### About this task
All the lines below need retyping exactly, apart from the images.

** Data excerpt follows **

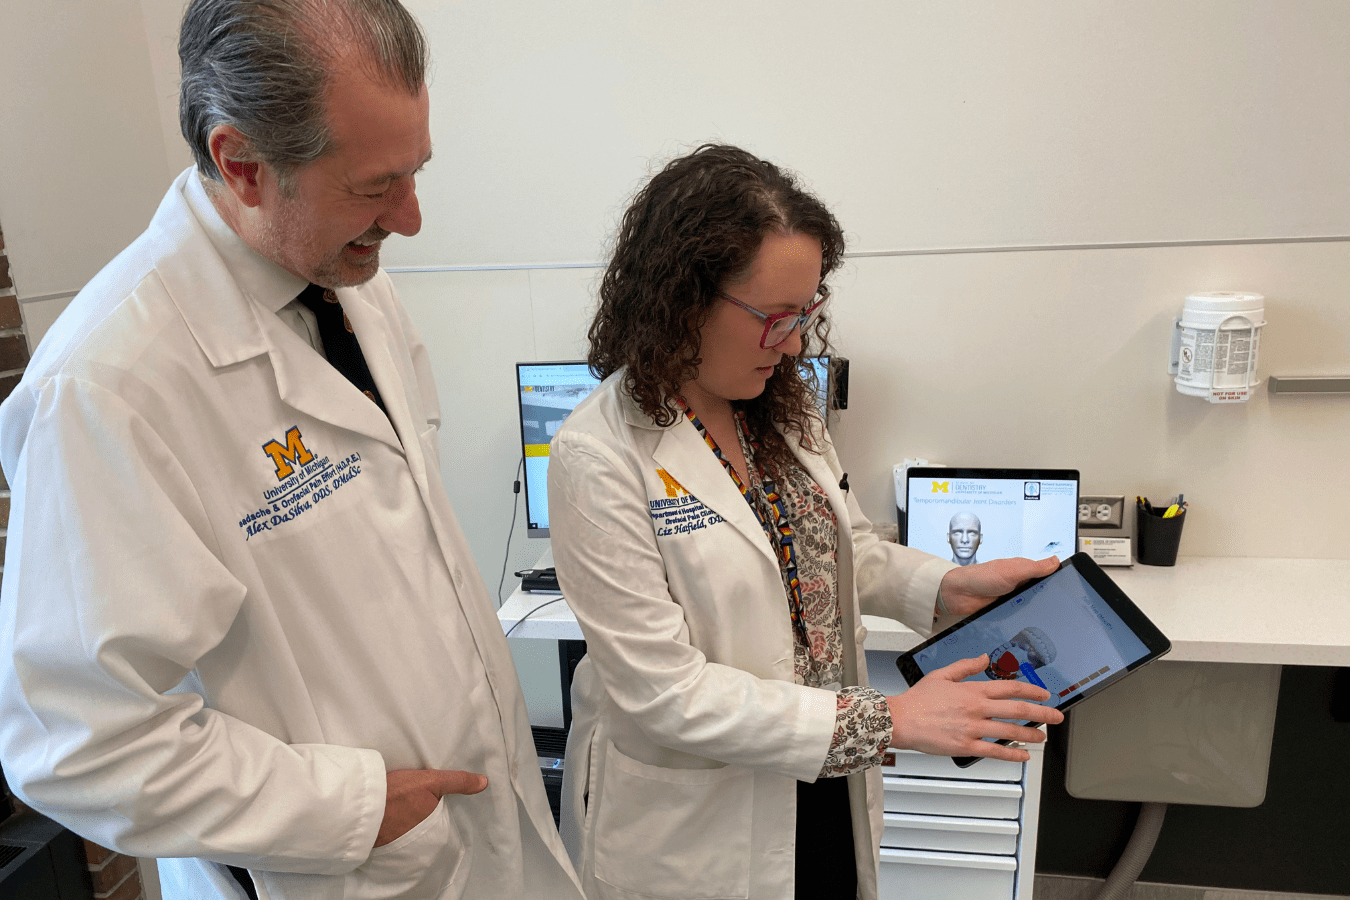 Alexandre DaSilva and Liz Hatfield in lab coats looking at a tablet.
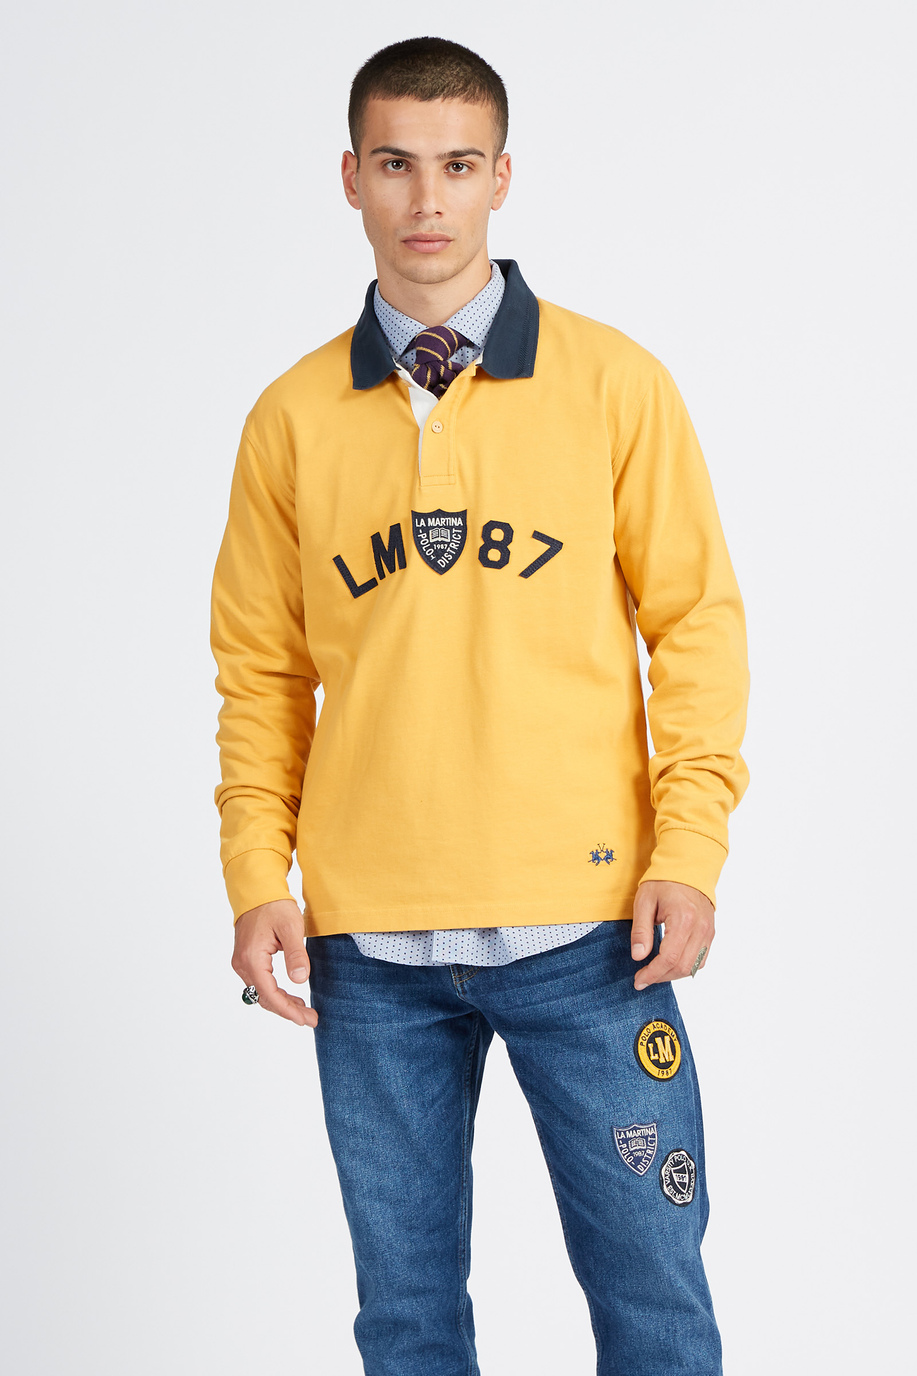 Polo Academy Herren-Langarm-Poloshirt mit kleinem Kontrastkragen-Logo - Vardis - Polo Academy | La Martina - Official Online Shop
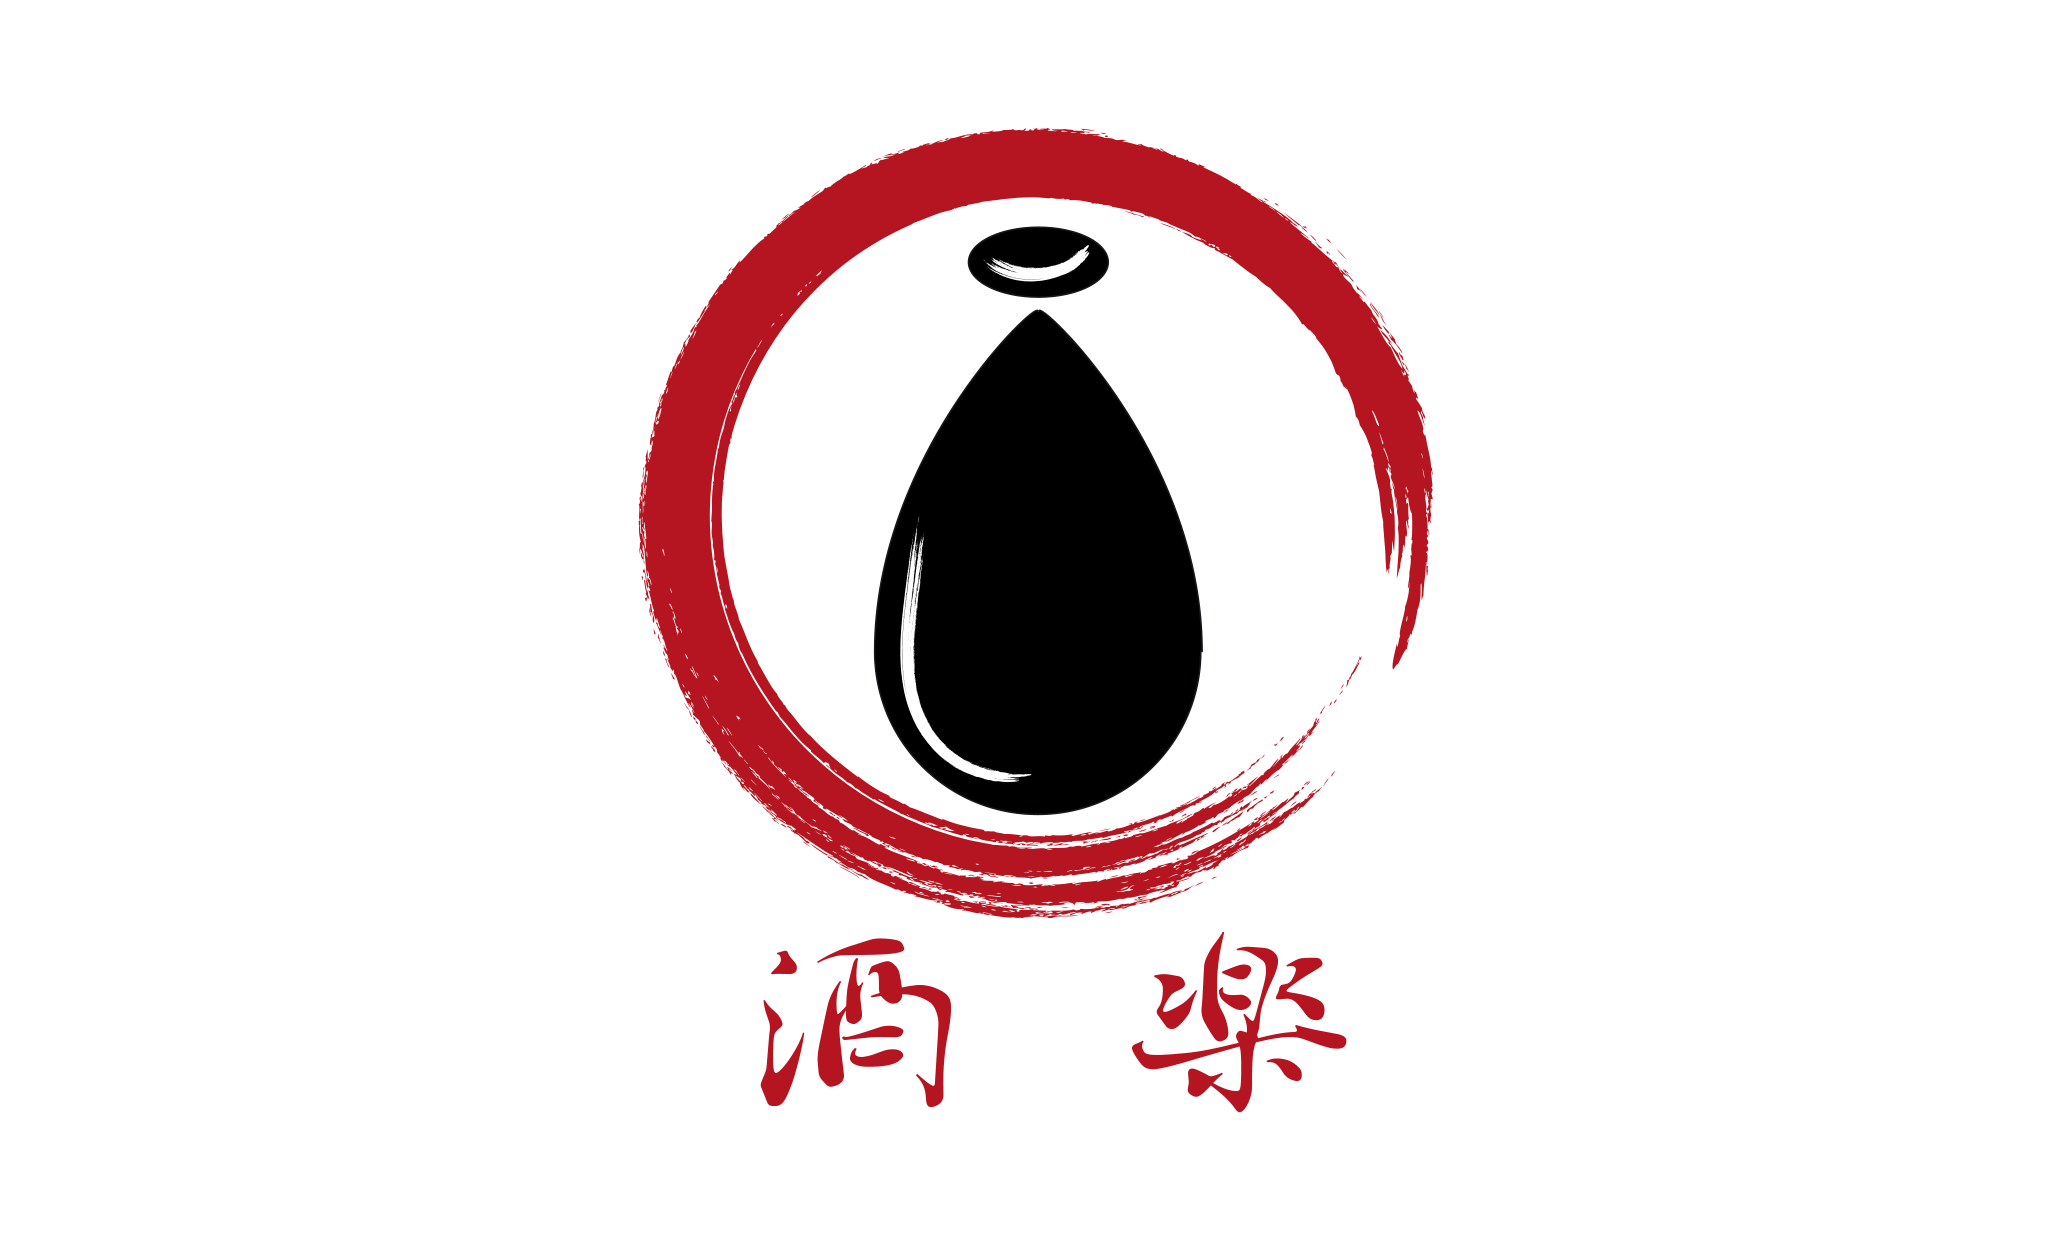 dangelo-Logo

** End of Data excerpt **

### Output for this exercise
 Alexandre DaSilva and Liz Hatfield in lab coats looking at a tablet.
 Polo Academy Herren-Langarm-Poloshirt mit kleinem Kontrastkragen-Logo - Vardis - Polo Academy | La Martina - Official Online Shop
 dangelo-Logo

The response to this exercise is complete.